=== ACTIVITY ===
Wherever a picture appears in the listing below, leave it out and reproduce the rest exactly.

=== THE DATA ===
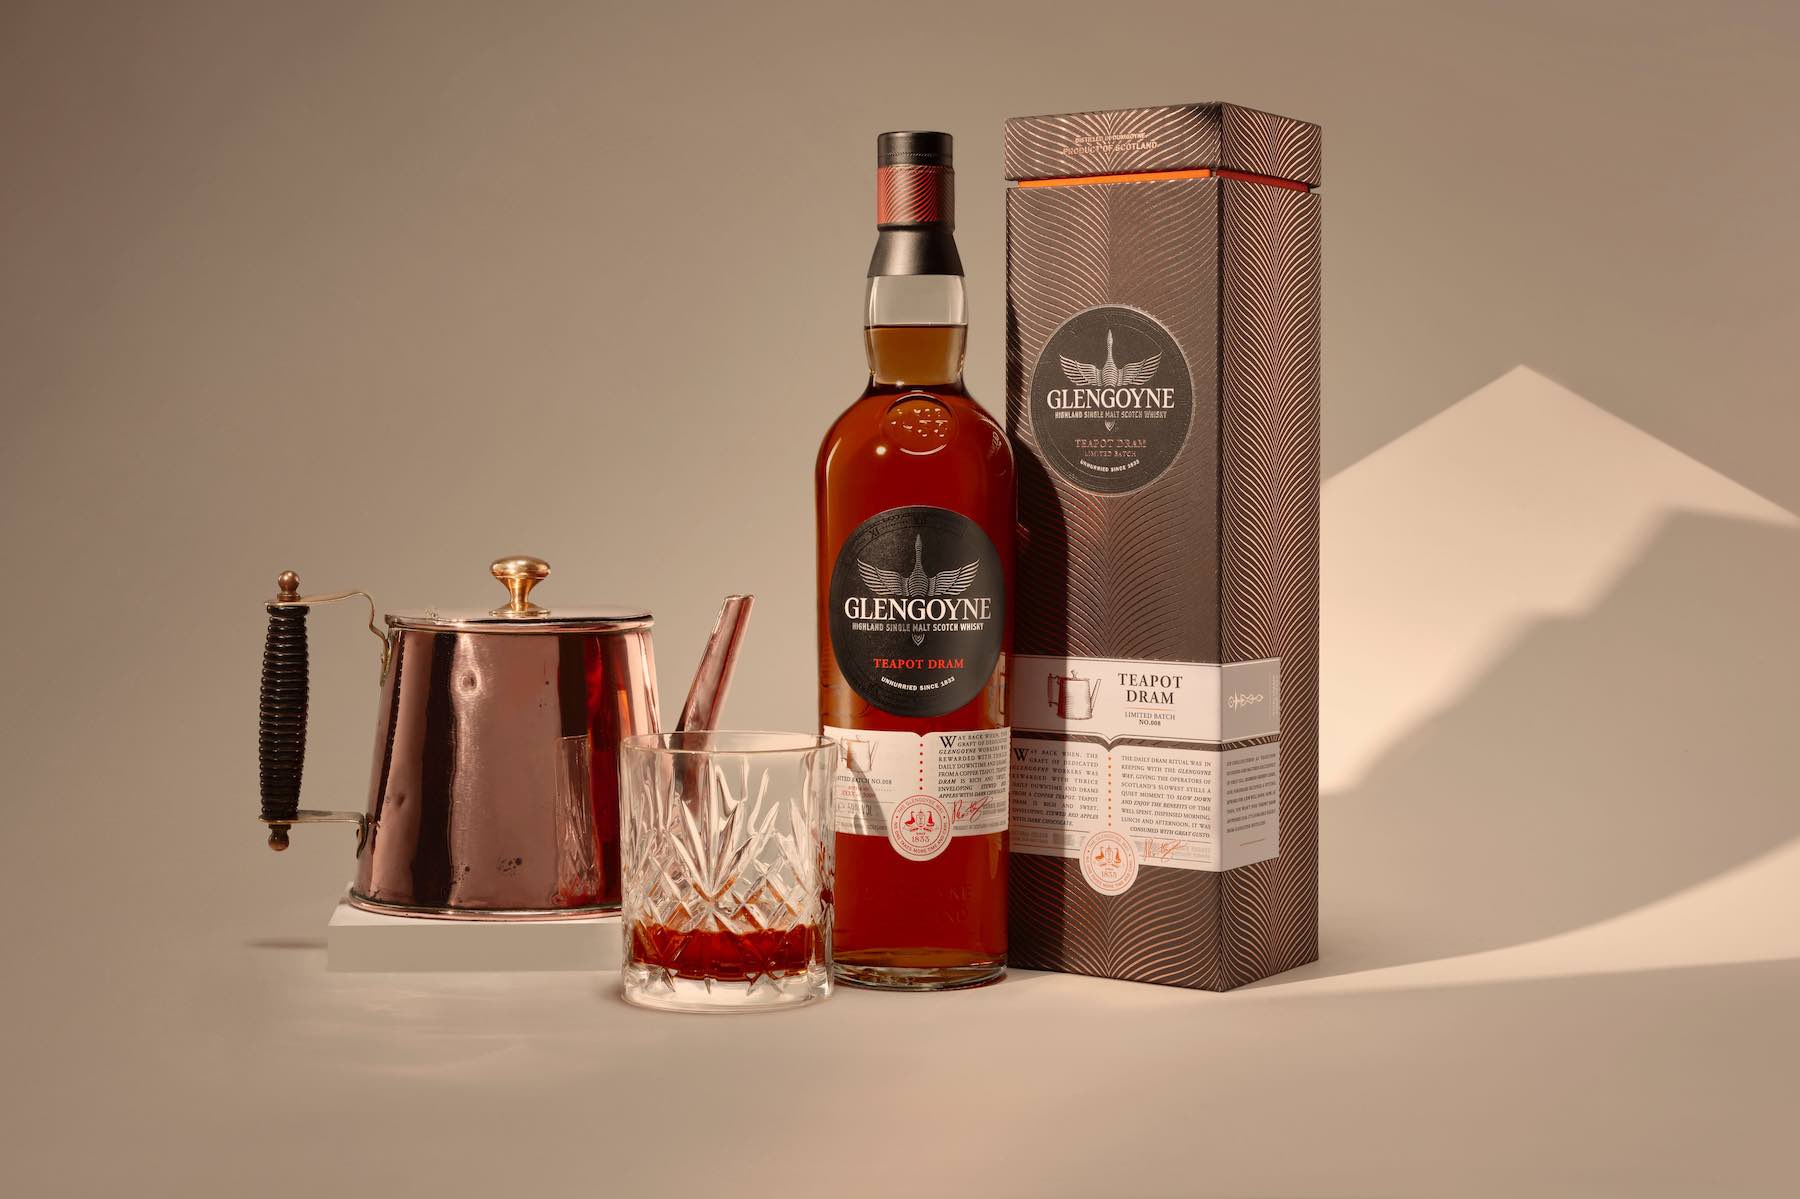 Glengoyne Teapot Dram No. 008 Limited Edition Whisky 2021
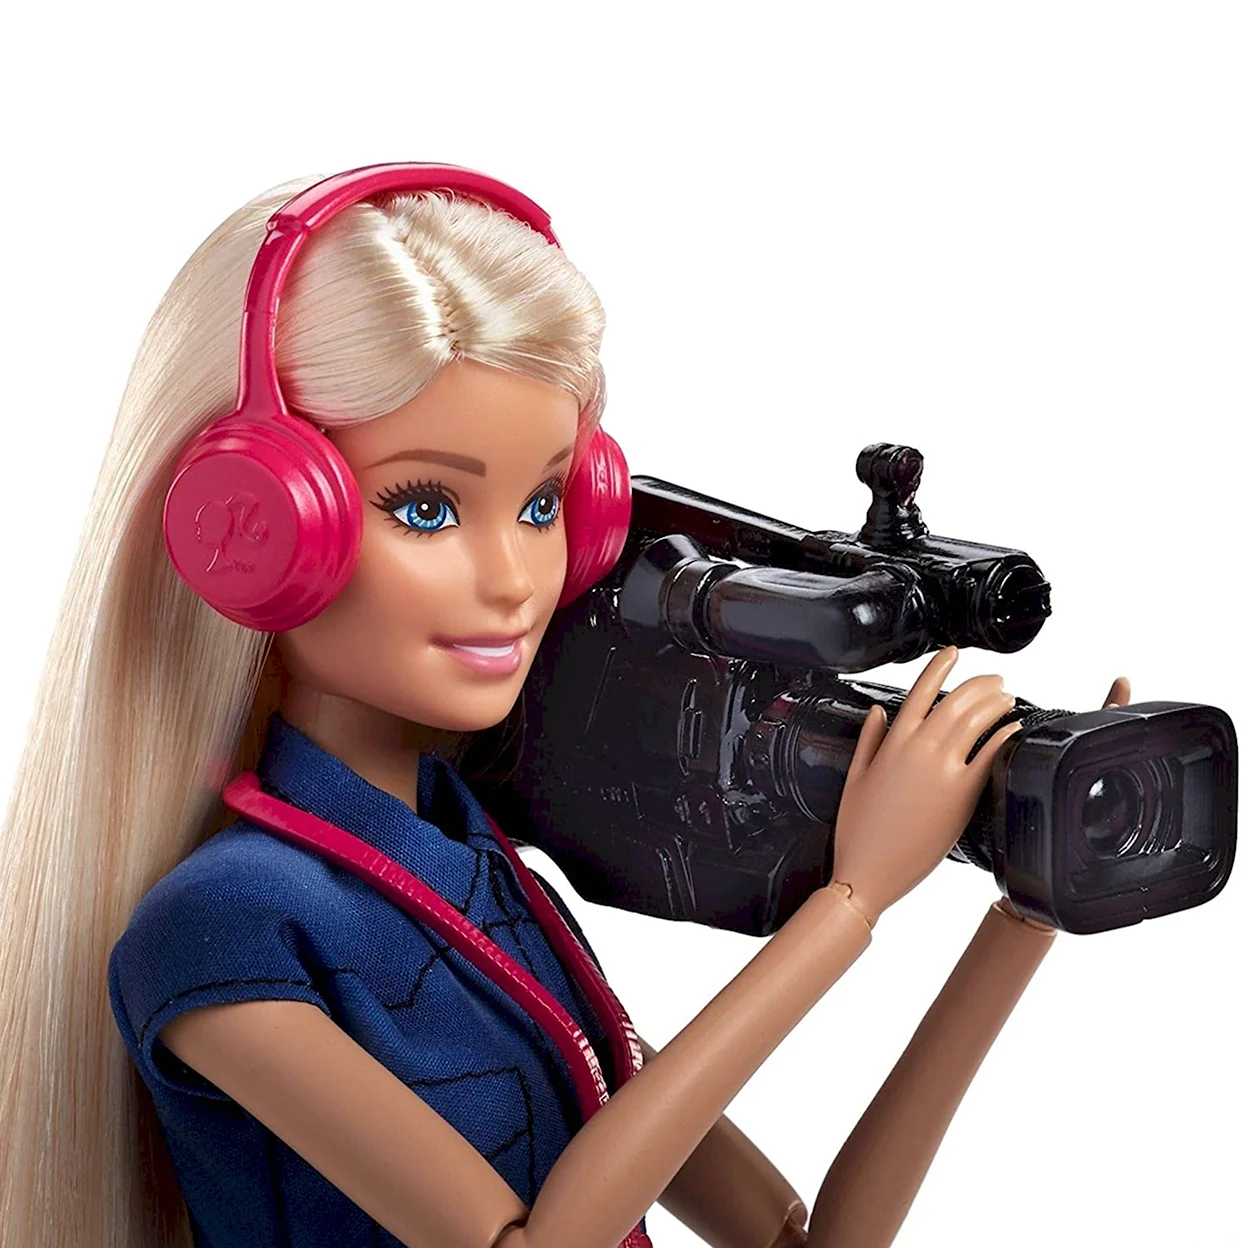 Набор кукол Barbie команда теленовостей fjb22. Игрушка
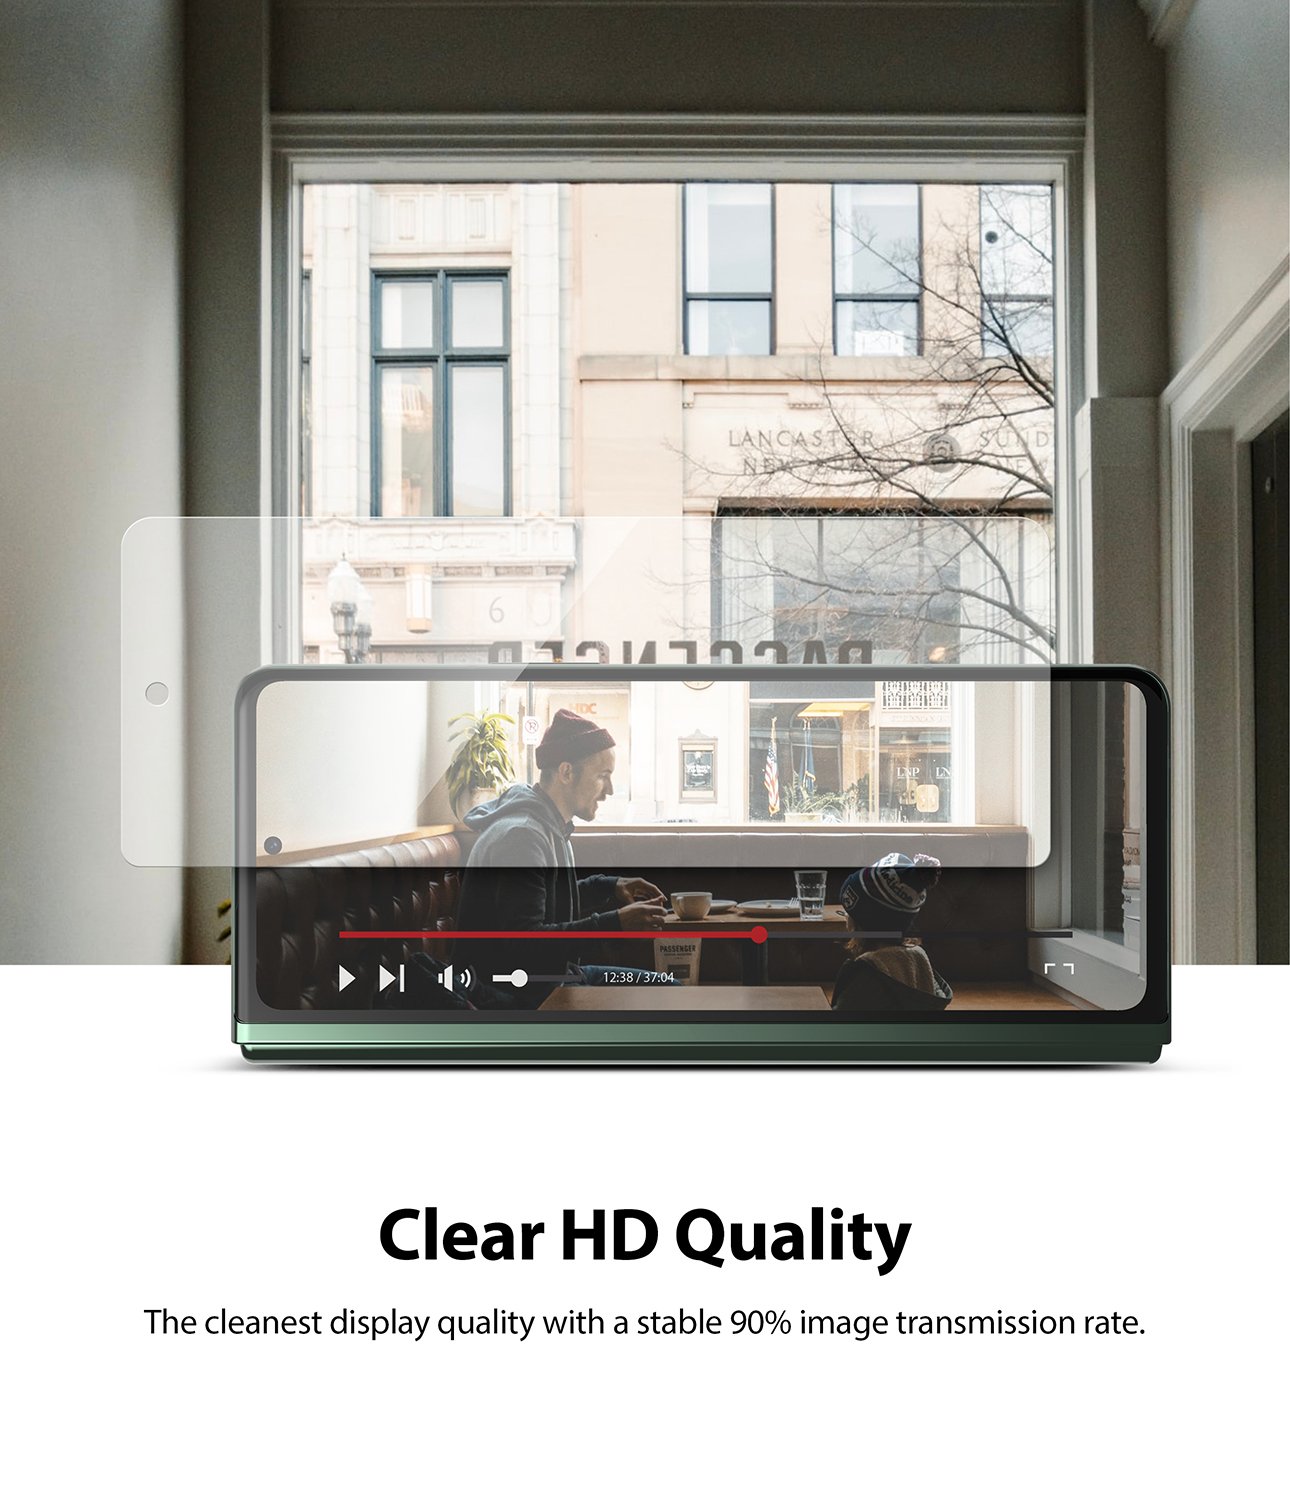 Samsung Galaxy Z Fold 3 Skärmskydd skyddsfilm - ID

=== THE COMPLETED TASK ===
 Glengoyne Teapot Dram No. 008 Limited Edition Whisky 2021
 Набор кукол Barbie команда теленовостей fjb22. Игрушка
 Samsung Galaxy Z Fold 3 Skärmskydd skyddsfilm - ID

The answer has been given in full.